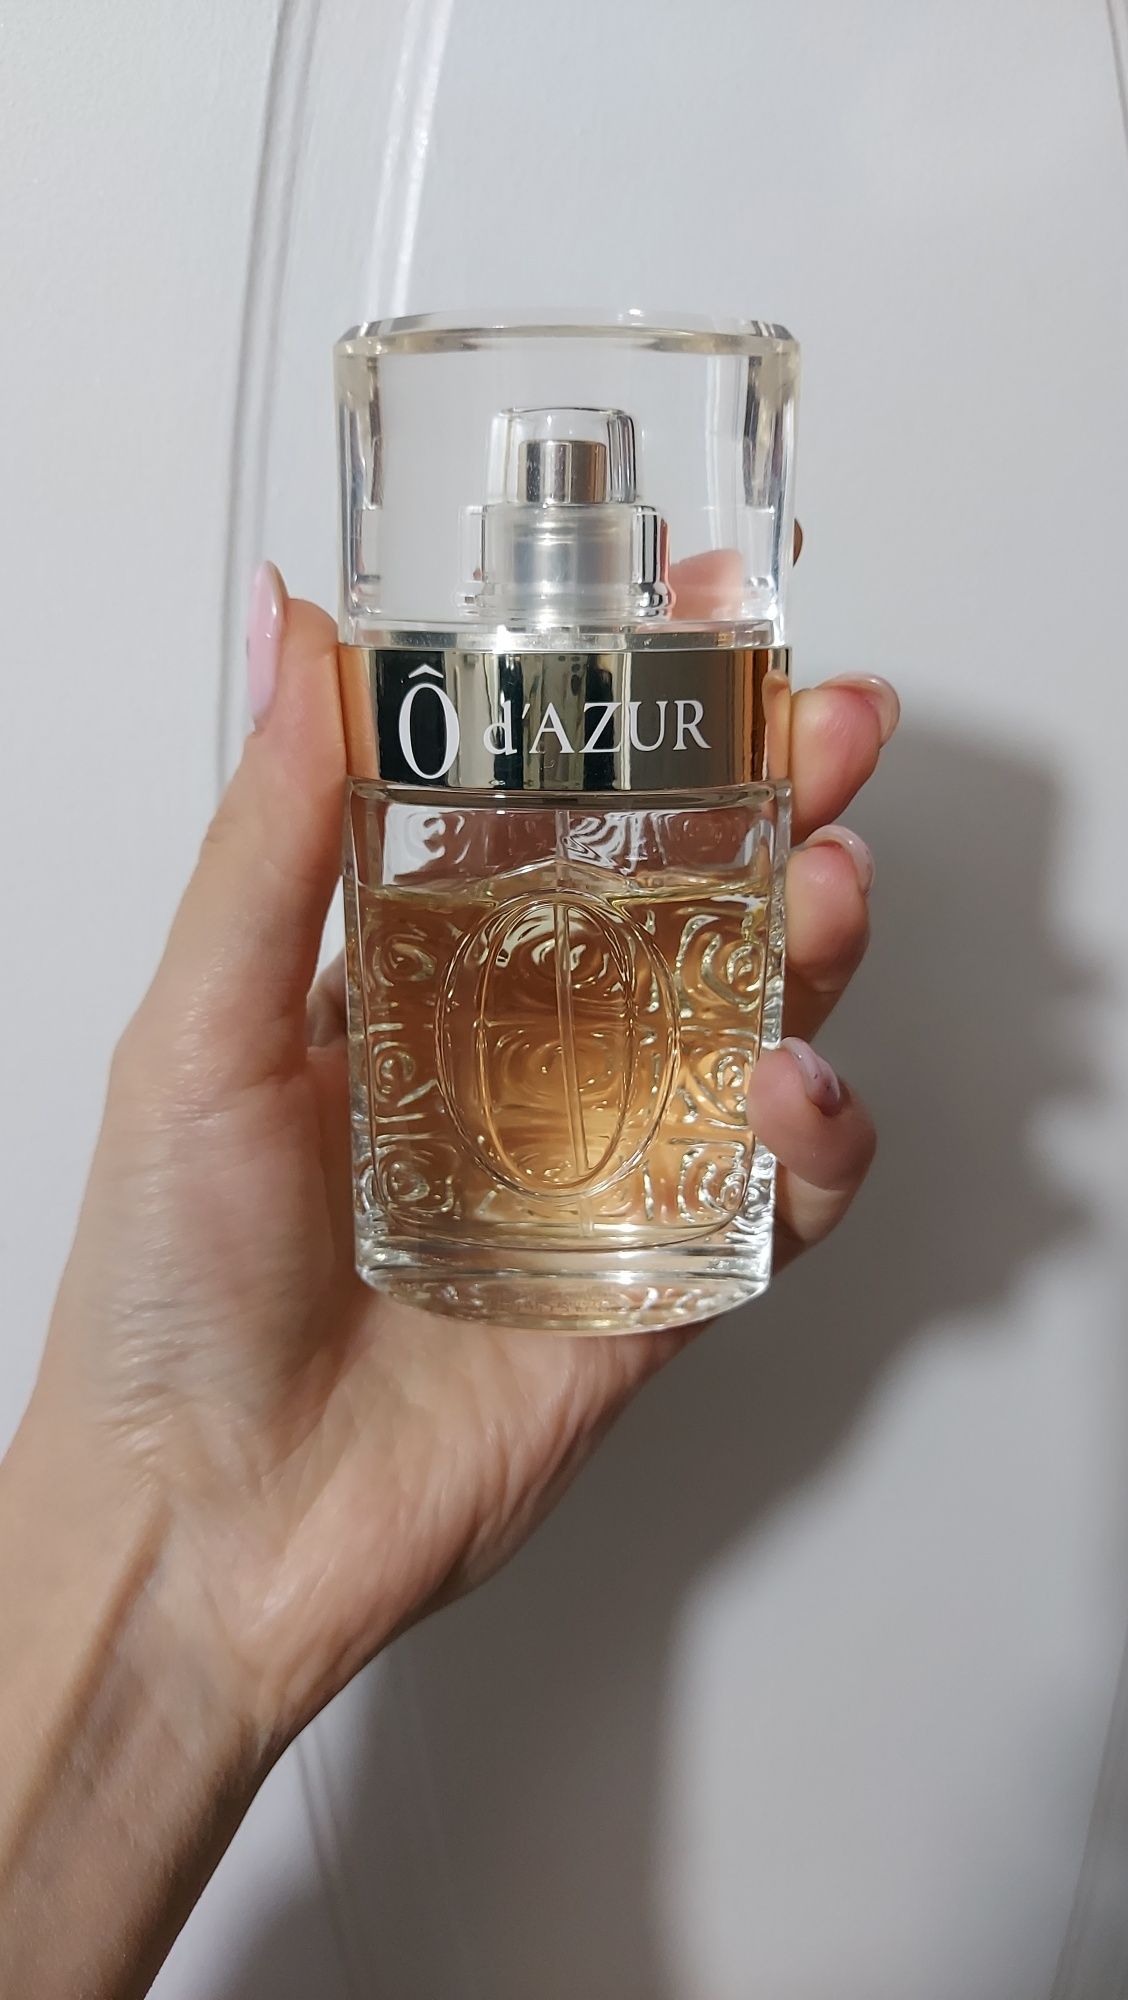 O d'Azur Lancôme парфюм для женщин
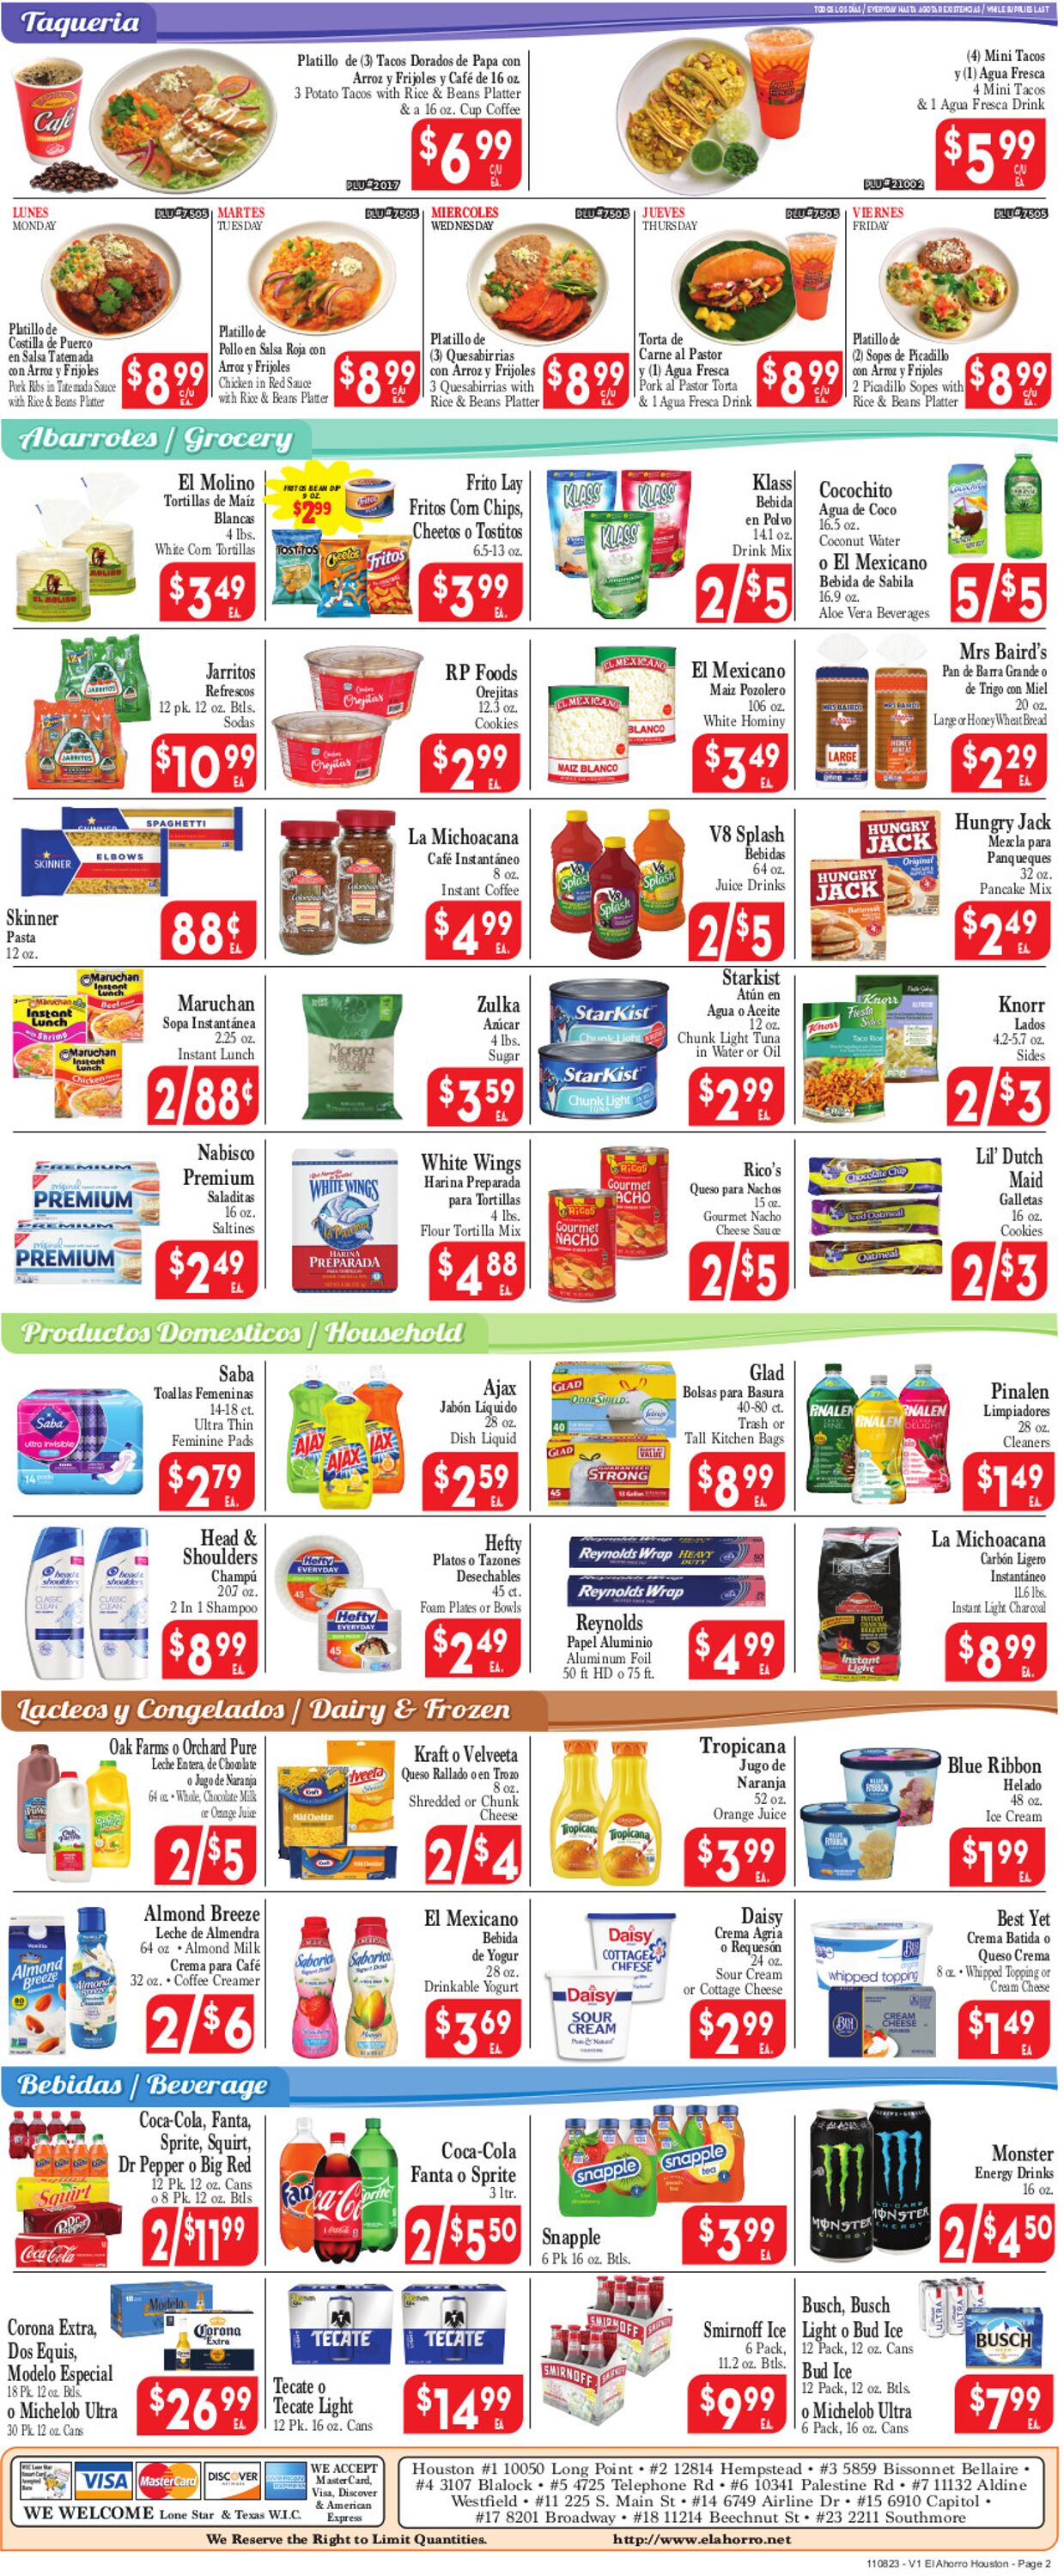 Catalogue El Ahorro Supermarket from 11/08/2023
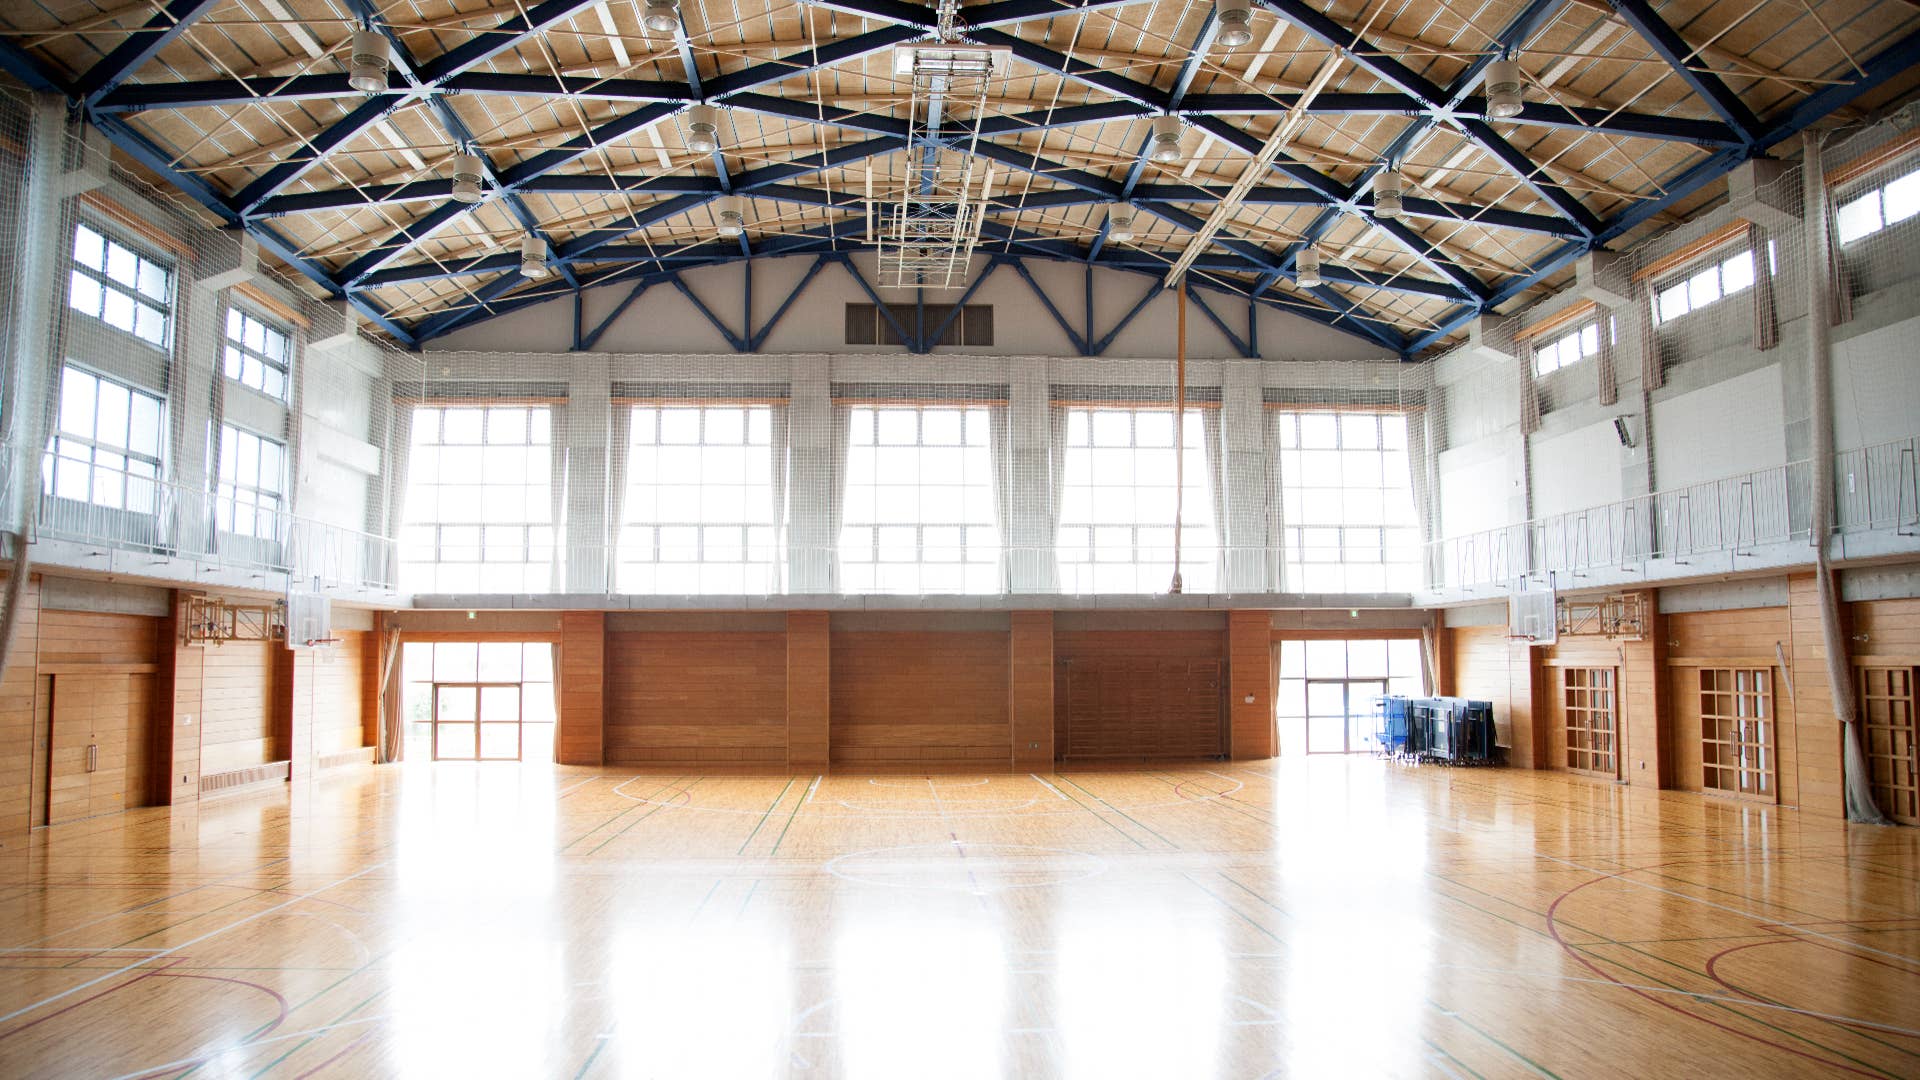 An empty school gymnasium. Basketball court markings.
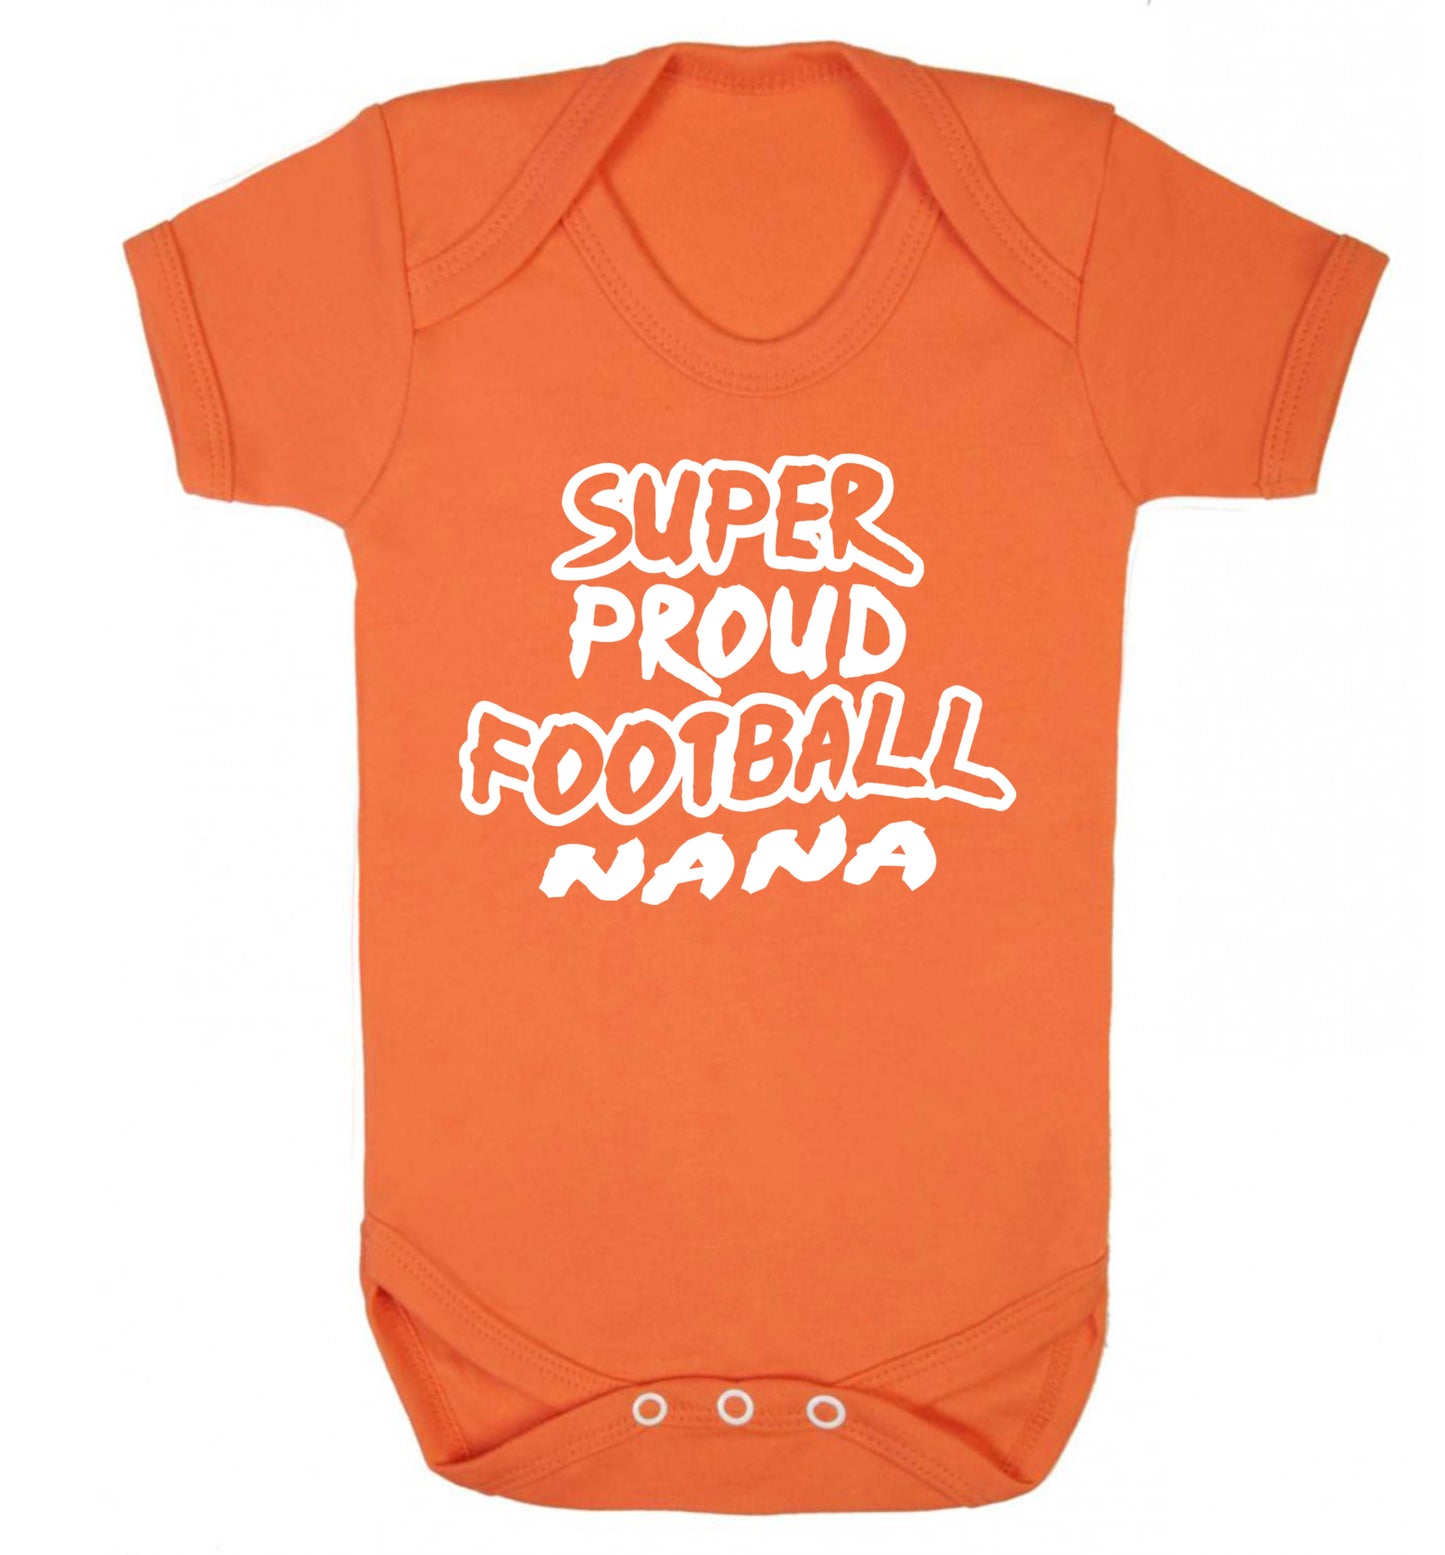 Super proud football nana Baby Vest orange 18-24 months

Task brief
Repeat every line above exactly, but omit all images.

Answer to this exercise
 O d'Azur Lancôme парфюм для женщин
 Catalogue El Ahorro Supermarket from 11/08/2023
 An empty school gymnasium. Basketball court markings.
 Super proud football nana Baby Vest orange 18-24 months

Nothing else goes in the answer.